Ананьев же, соблазнив Кисочку, трусливо, как вор, пробирается на вокзал, чтобы уехать из города. Но в вагоне, с наступлением ночи, когда он «один-на-один остался со своей совестью», перед ним встал образ обманутой доверчивой женщины, и он уже ясно чувствовал себя убийцей. Чтобы заглушить муки совести, он постарался прибегнуть к своим привычным «спасительным» идеям о бренности всего сущего. Но они на этот раз не только не «помогли», а, наоборот, представились во всей своей преступной сущности. Ананьев впервые отдал себе отчет в ненормальности этой философии. «Нормальное же мое мышление, как мне теперь кажется, началось только с того времени, когда я принялся за азбуку, т. е. тогда, когда совесть погнала меня назад в N., и я, не мудрствуя лукаво, покаялся перед Кисочкой, вымолил у нее, как мальчишка, прощение и поплакал вместе с ней…»

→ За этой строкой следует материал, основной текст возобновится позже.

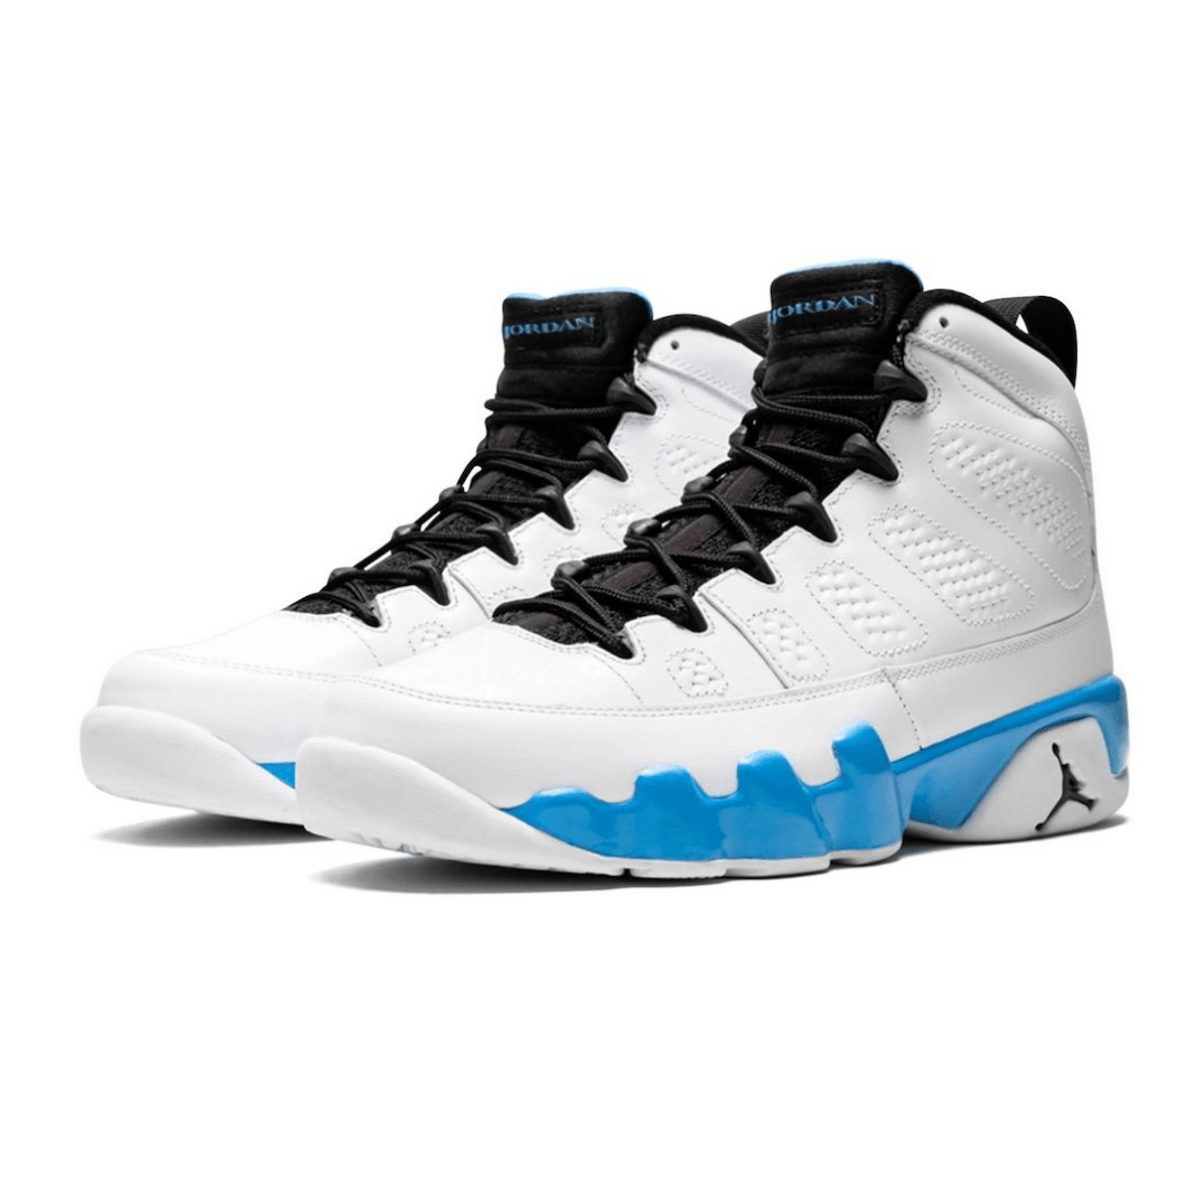 Powder Up Your Sneaker Rotation With The Air Jordan 9 OG Powder Blue

Инженер Ананьев своим рассказом не переубеждает студента фон-Штенберга. Ананьеву помог разобраться в бесчеловечной сущности разделявшейся им философии его жестокий и постыдный опыт и «здоровый, сильный русский мозг».

Фон-Штенберг говорил Ананьеву еще в начале их спора: «От наших мыслей никому ни тепло, ни холодно». И именно это замечание Штенберга дает повод Ананьеву рассказать свою историю.

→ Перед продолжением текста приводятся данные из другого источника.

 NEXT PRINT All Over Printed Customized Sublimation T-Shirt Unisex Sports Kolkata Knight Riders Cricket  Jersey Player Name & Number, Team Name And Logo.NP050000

Нет, от наших мыслей именно бывает людям и тепло и холодно, и светло и темно. Ужасно было Кисочке узнать, что даже тот, кого она считала чистым, передовым человеком, способен на обман. Если и без того она жила, «как в яме», то во что же превратилась ее жизнь после встречи с Ананьевым и его бегства!

Весь рассказ убеждал читателя в том, что мысль, идея, мировоззрение имеют колоссальное значение, что ложное мировоззрение может привести к злу, равносильному убийству.

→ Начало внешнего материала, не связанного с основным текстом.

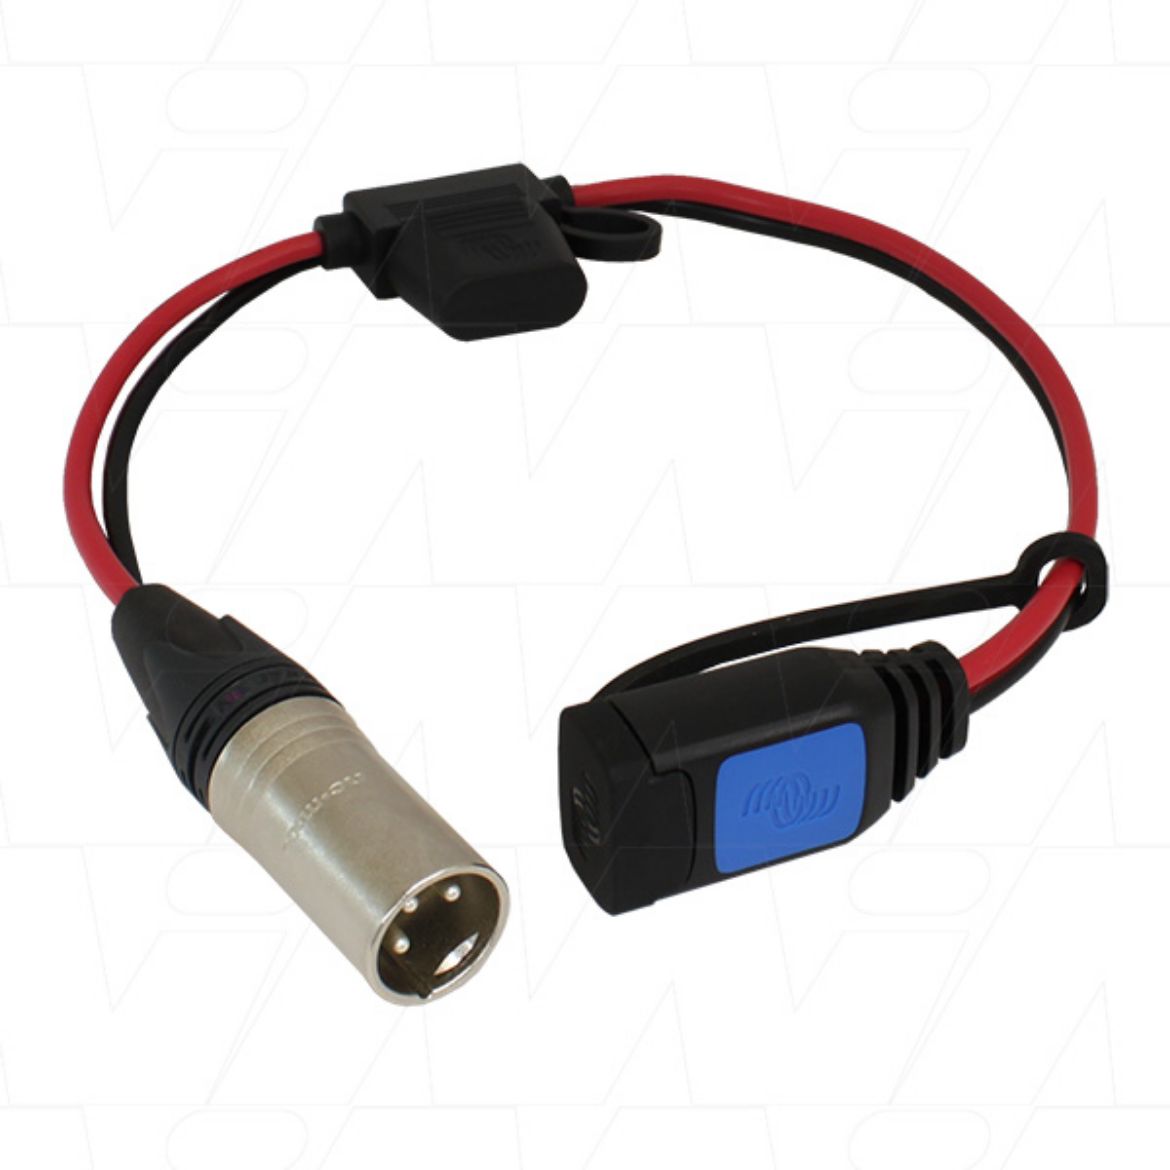 Picture of LEAD TO XLR 3-PiN CONNECTOR WITH 30A AUTO BLADE FUSE - SUITS IP65 VICTRON CHARGERS (BPC900100004XLR)

Это еще раз возвращает нас к тому чувству, которое владело Чеховым, — к его сознанию своей страшной ответственности за мысли, идеи своих произведений.

В качестве врача Чехов, подобно своему доктору Астрову в «Дяде Ване», мучительно переживал случаи неблагоприятного для пациента исхода болезни, чувствуя свою вину и тогда, когда, как говорят, медицина бессильна.

Как писатель, он боялся за каждое свое слово, чтобы не повредить хоть чем-нибудь человеческой жизни.

И там и здесь — и в медицине и в литературе — это было сознанием ответственности за человеческую жизнь.

Вот почему такой мучительной, такой напряженной стала его тоска по ясному, определенному мировоззрению.

В том же 1888 году, когда были написаны «Огни», у Чехова возник замысел рассказа, который он хотел посвятить мучившей его теме о том, что «осмысленная жизнь без определенного мировоззрения — не жизнь, а тягота, ужас». Он хотел изобразить «человека здорового, молодого, влюбчивого, умеющего и выпить, и природой насладиться, и философствовать, не книжного и не разочарованного, а очень обыкновенного малого». Герой предполагавшегося рассказа «благодаря своему положению горожанина, любовника, мужа, мыслящего человека… волей-неволей наталкивается на вопросы, которые волей-неволей, во что бы то ни стало должен решать. А как решать их, не имея мировоззрения? Как?»

В самой этой тоскливой интонации, в этом повторении «Как?» — нельзя не уловить глубоко личного значения вопроса для самого Чехова.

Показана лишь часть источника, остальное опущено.